O planach, co to figle płatają, czyli dokąd jedziemy.
Dobra, to powiem Wam tak. Jest pięknie! Bilety kupione i dostaliśmy takiego kopa, że nie wiemy od czego zacząć.
Rozpocznę więc od weekendu, który spędziliśmy w Gorcach. Mieliśmy w planie już dawno tam się wybrać, bo to miejsce dla nas ważne. Bo właśnie Gorce były pierwszymi górami Kajtka. Miał wtedy dokładnie 2 miesiące, kiedy wpakowaliśmy go w chustę i powędrowaliśmy na Gorc Kamieniecki. Rutka ma już co prawda 4 miesiące, ale chcieliśmy pokazać jej dokładnie tą samą piękną polanę. Oto i ona. Wiosna/jesień, Kajtek/Kajtek i Rutka, tylko tata Zbych jakiś taki bez zmian.Wtedy była z nami babcia, tym razem wybrali się z nami O’Keje z małym Witkiem. Pogoda dopisała jak zwykle, bo wiecie, że nam pogoda dopisuje zawsze;) No, przynajmniej pogoda ducha. Na szlaku spotkaliśmy jeszcze jedną wspaniałą rodzinkę z 3-letnią Helą. Jak się okazało oprócz tego, że również byli z Nowej Huty to znaleźliśmy sporo wspólnych tematów. Dobre spotkanie na dobrym szlaku. Karma.
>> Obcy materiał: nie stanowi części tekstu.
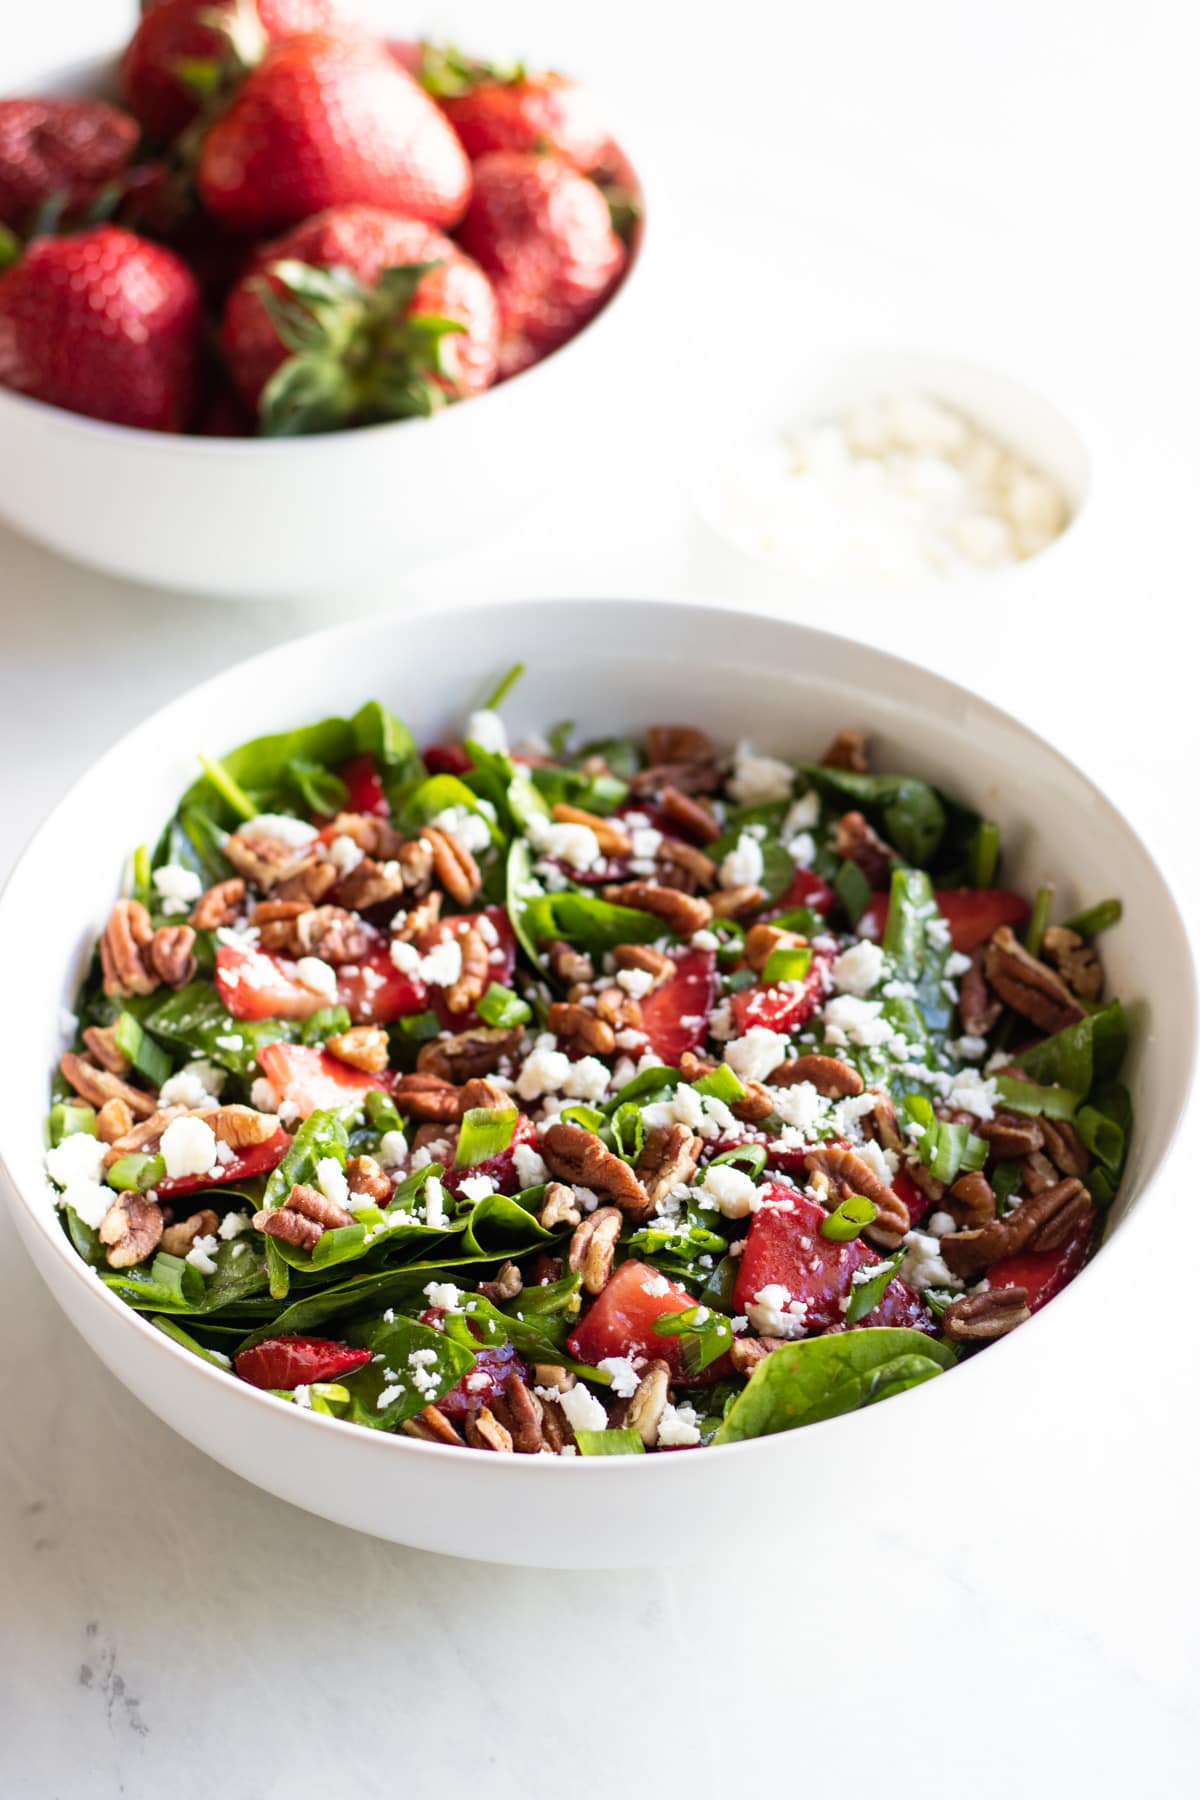 A bowl of spinach salad surrounded by smaller bowls of juicy strawberries and crumbled feta cheese.
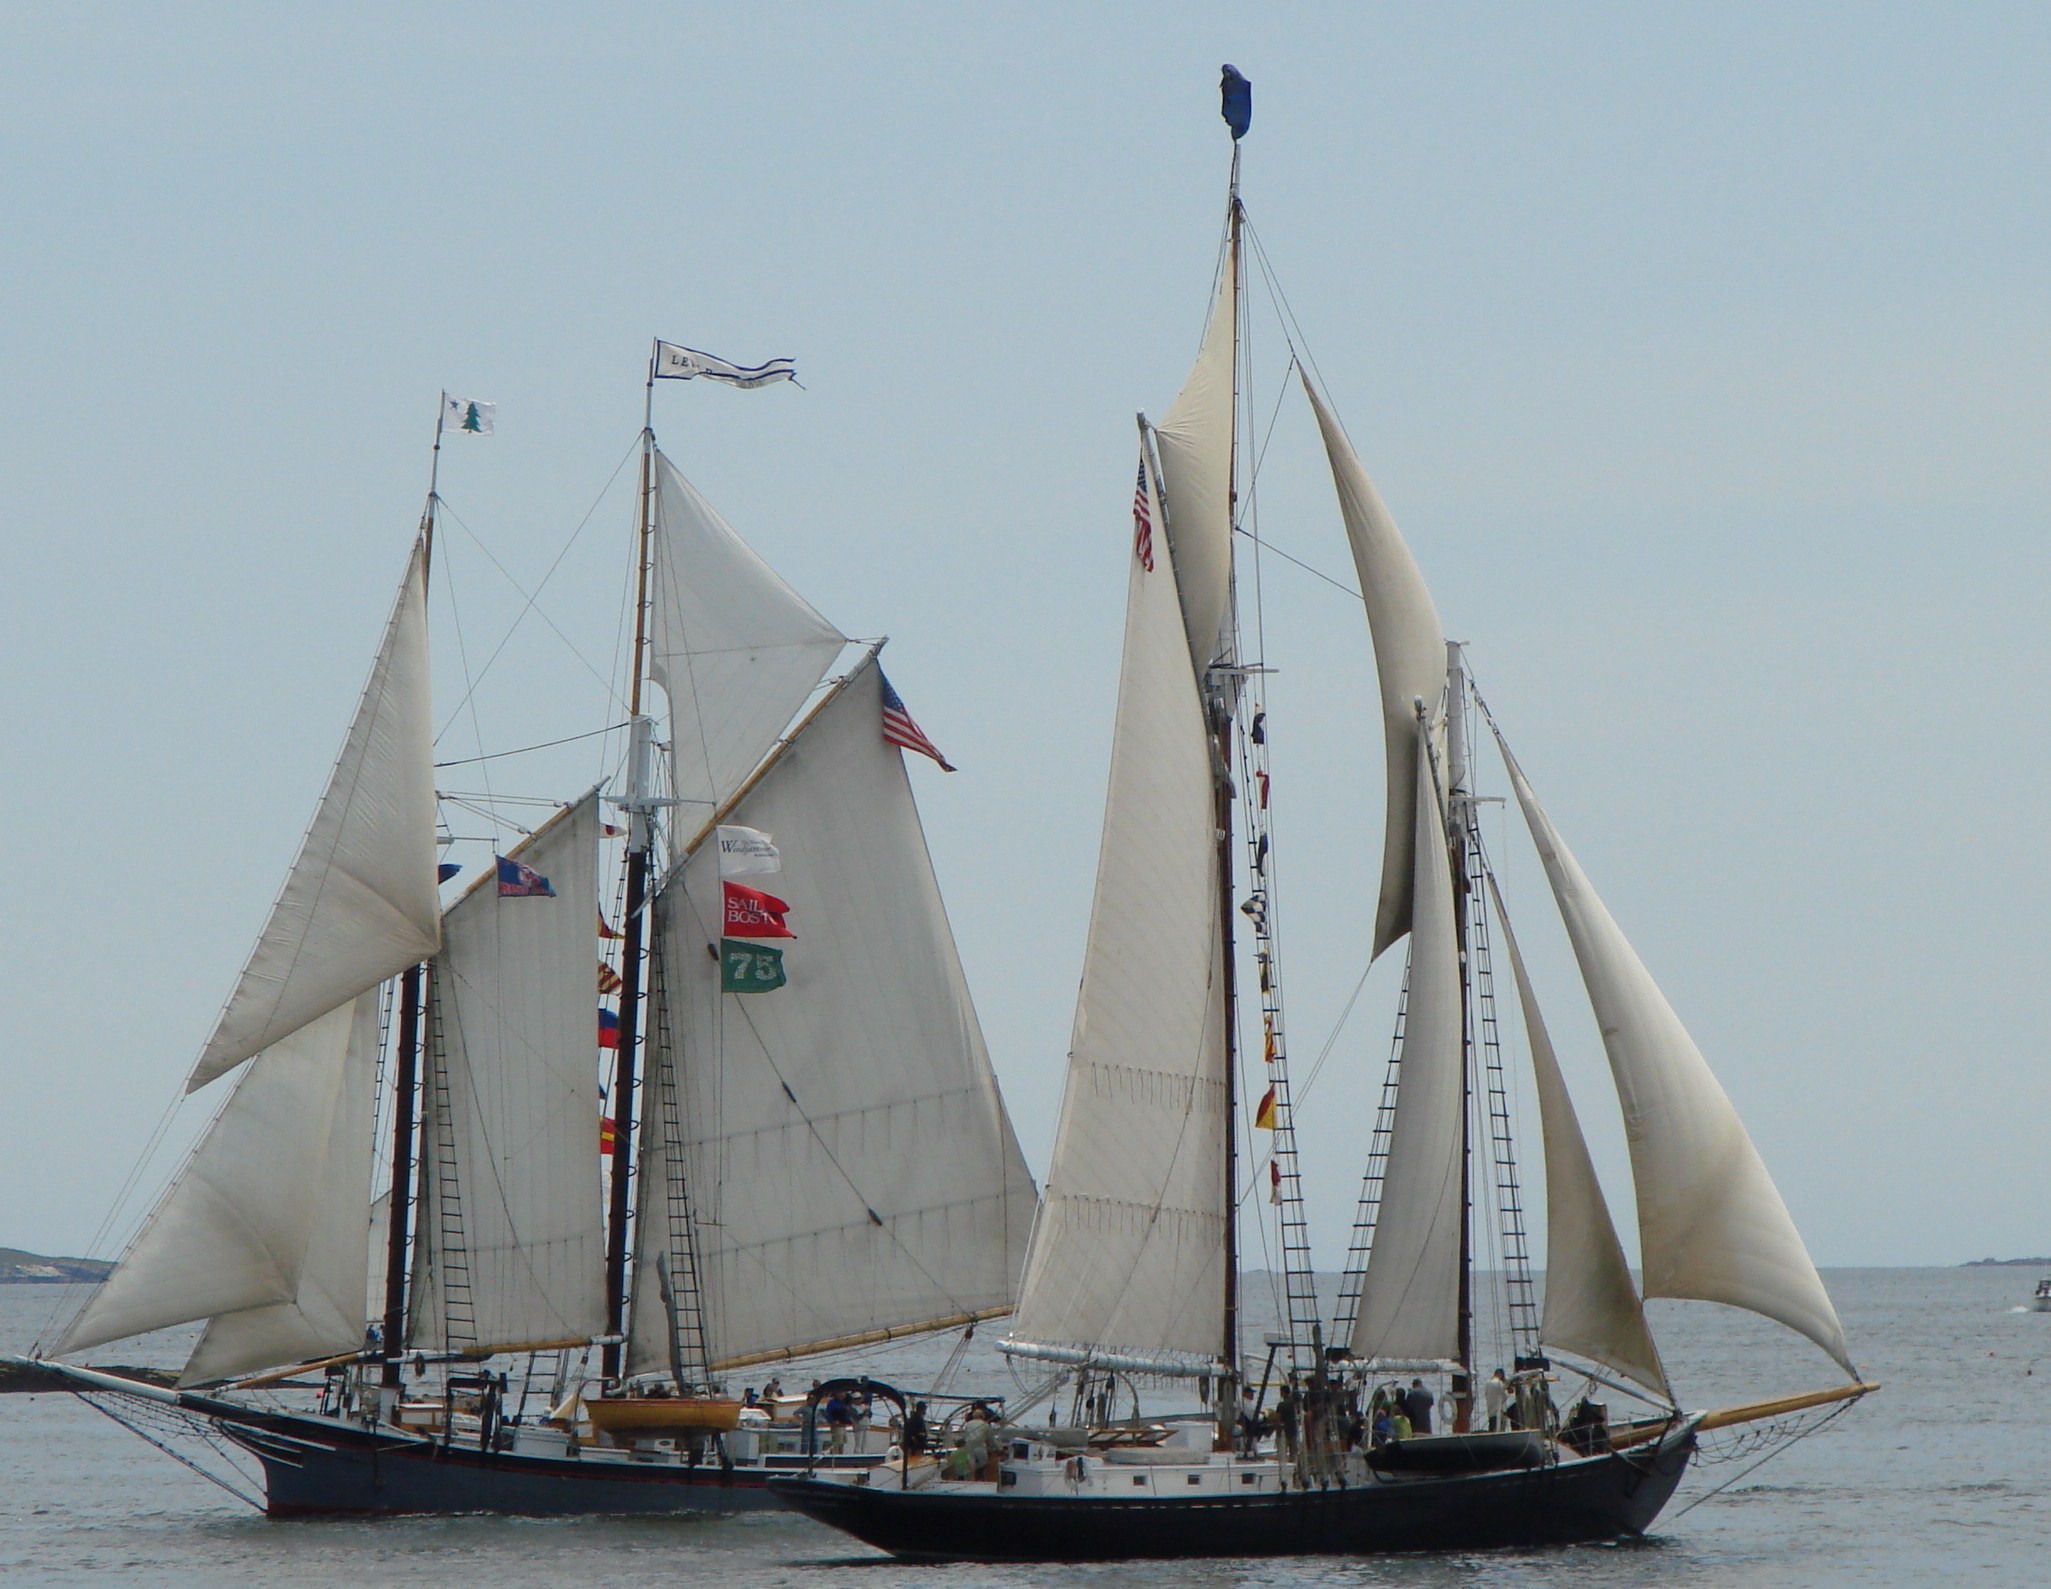 Windjammer Days-boothbay, Me (user submitted)

W międzyczasie wciąż myśleliśmy. Nasze głowy zaprzątnięte były oczywiście drogą. Głowy mamy pełne drogi już od dłuższego czasu. Mniej więcej od lutego kiedy wpadłam na pomysł by jakoś konkretniej wykorzystać darowany mi urlop macierzyński. Były różne pomysły, różne plany, które rzecz jasna zmieniały się i rozwijały z czasem. Tak się śmialiśmy w duchu, że Ruteczka jeszcze nawet nie zaciągnęła się krakowskim powietrzem, nie spojrzała na kipiącą zielenią Nową Hutę, a my organizujemy jej kolejne pół roku życia. Ale wiadomo, warunek musi być jeden – dzieciaki muszą być zdrowiutkie. No i są, bo oprócz alergii na nabiał nic poważnego się nie dzieje (a o tym jak się jeździ z alergikiem też kiedyś napiszę, bo pewnie większość nie zdaje sobie sprawę w ilu produktach są pochodne mleka krowiego, a to naprawdę utrudnia czasem sprawę).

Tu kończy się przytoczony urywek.